= Teechers =

Play written by John Godber

 Teechers is a play by John Godber, written in 1987. It was first performed by the Hull Truck Theatre Company at the 1987 Edinburgh Festival starring Martin Barass as Salty, Gill Tompkins as Gail and Shirley Anne Selby as Hobby. In 2010 a revival of the play was again performed at Hull Truck Theatre, before touring at other venues. The cast included Zoe Lister as Gail, Peter McMillan as Salty, and Claire Eden as Hobby. The play was updated with modern references and modern music.

It is a play within a play in which three students performed for their teachers. Everything in the play is reduced to the bare essentials, with very little set and the three actors playing twenty other parts. The students perform to an audience an account of their time in secondary school (given the name 'Whitewall High School' for their performance), specifically their time with Mr. Jeff Nixon, the new drama teacher who ignites their passion for the stage with his idealism and belief that all children should be treated equally. The children mention that the names of the characters have been changed: Mr. Nixon's real name is Mr. Harrison, mentioned at the beginning. At the end of the play, he leaves Whitewall High School to teach at St George's, another school that is regarded more highly. Once the three kids know that Nixon is leaving, they start to understand how much he helped them. Salty, in particular, wants to carry on with drama once he has left school. The play is originally set in East Yorkshire, however, the play never specifically states a location and Whitewall is meant to represent the average secondary school in the United Kingdom, with the show changing its cultural cues and references (such as a reference to Jimmy Savile, which has been removed) over the forty years it has been performed. In 2022, the play was modernised to Teechers Leavers '22.
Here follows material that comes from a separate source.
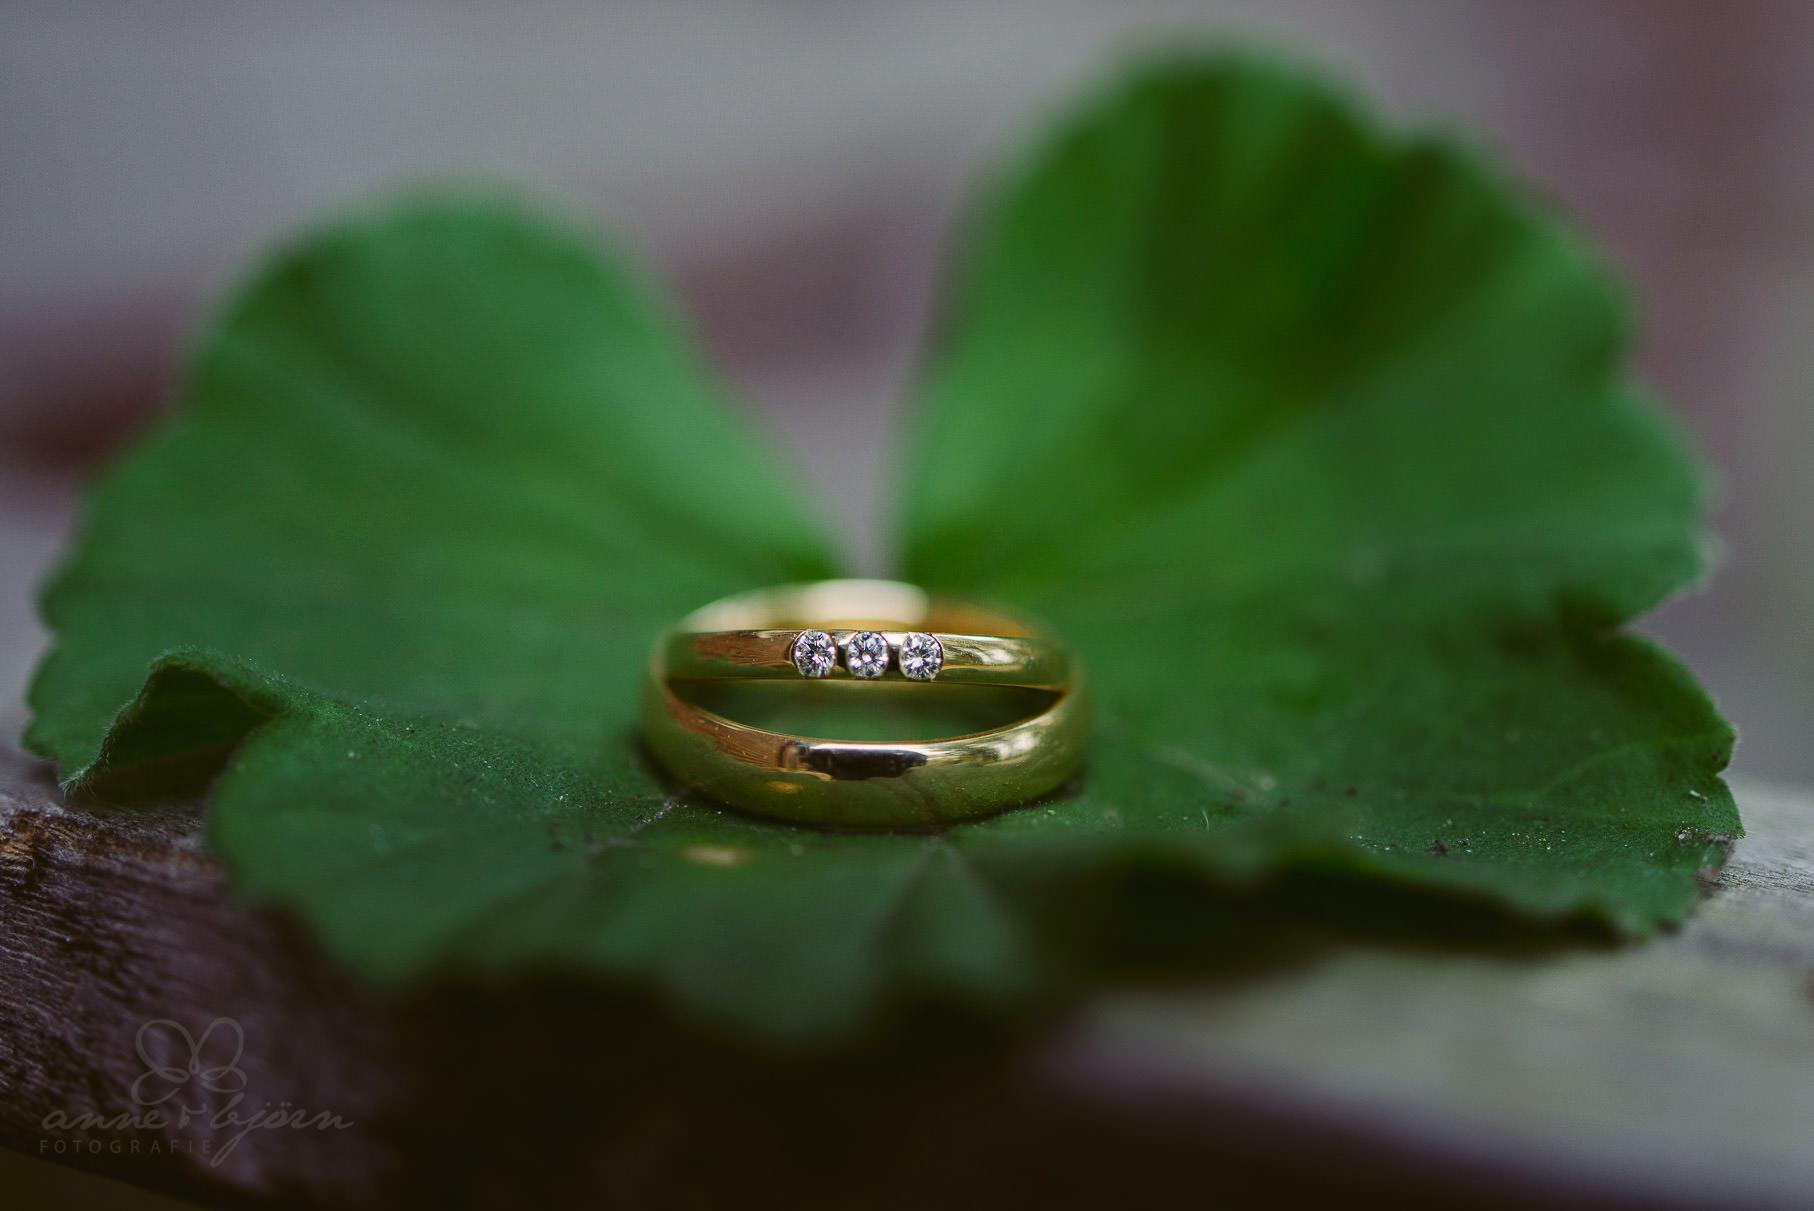 0096 aub 812 9847 - Hochzeit auf Gut Thansen - Anja & Björn
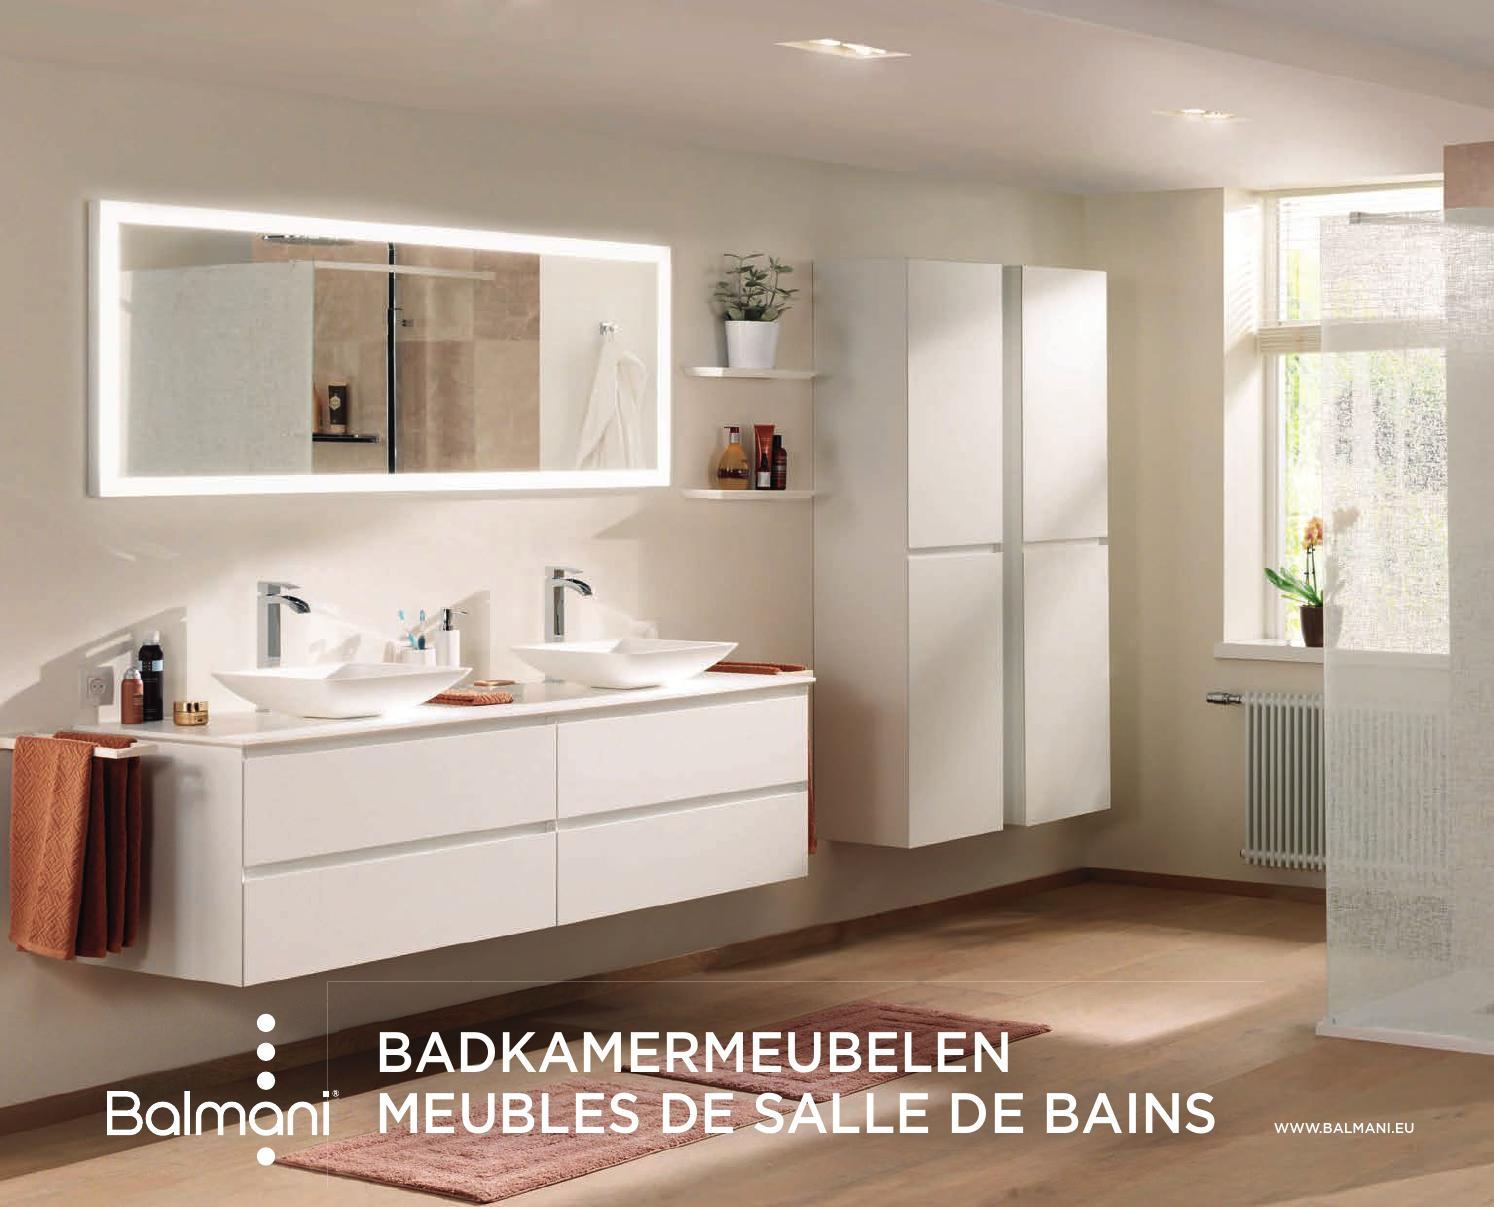 Ikea badkamermeubel kopen laat je inspireren

An updated version, Teechers Leavers '26, toured the UK in 2026.

==Characters==

- Lilian Hobson “Hobby” – The one in the trio fed up with her friends.
- Gail Saunders – The bossy and sassy within the trio. Also very attractive and enthusiastic.
- Ian Salt “Salty” – The fired soul, doesn't know what he'll do with his life after leaving school. Salty is a laid-back person with an attitude of a classic teenager with a common habit of over exaggerating. He's slightly dirty in appearance.
- Mr. Harrison – the drama teacher, socialist and idealistic, called Mr. Nixon in the play, to "Protect the names of the innocent", young and casual.
- Mrs. Hudson – the headmistress, called Mrs. Parry in the play, loud and large with a terrible dress sense.
- Bobby Moxon – (Oggy Moxon) Bully of the school who scares teachers and students alike.
- Ms. Whitham – Hopeless English teacher, eager to leave
- Mr. Basford – The deputy head and maths teacher. Hates children, typically nasty.
- Miss Jackie Prime – The sports teacher, young and bouncy.
- Doug – The caretaker. Grouchy and assertive.
- Mr. Dean – A teacher who thinks that all of the kids love him.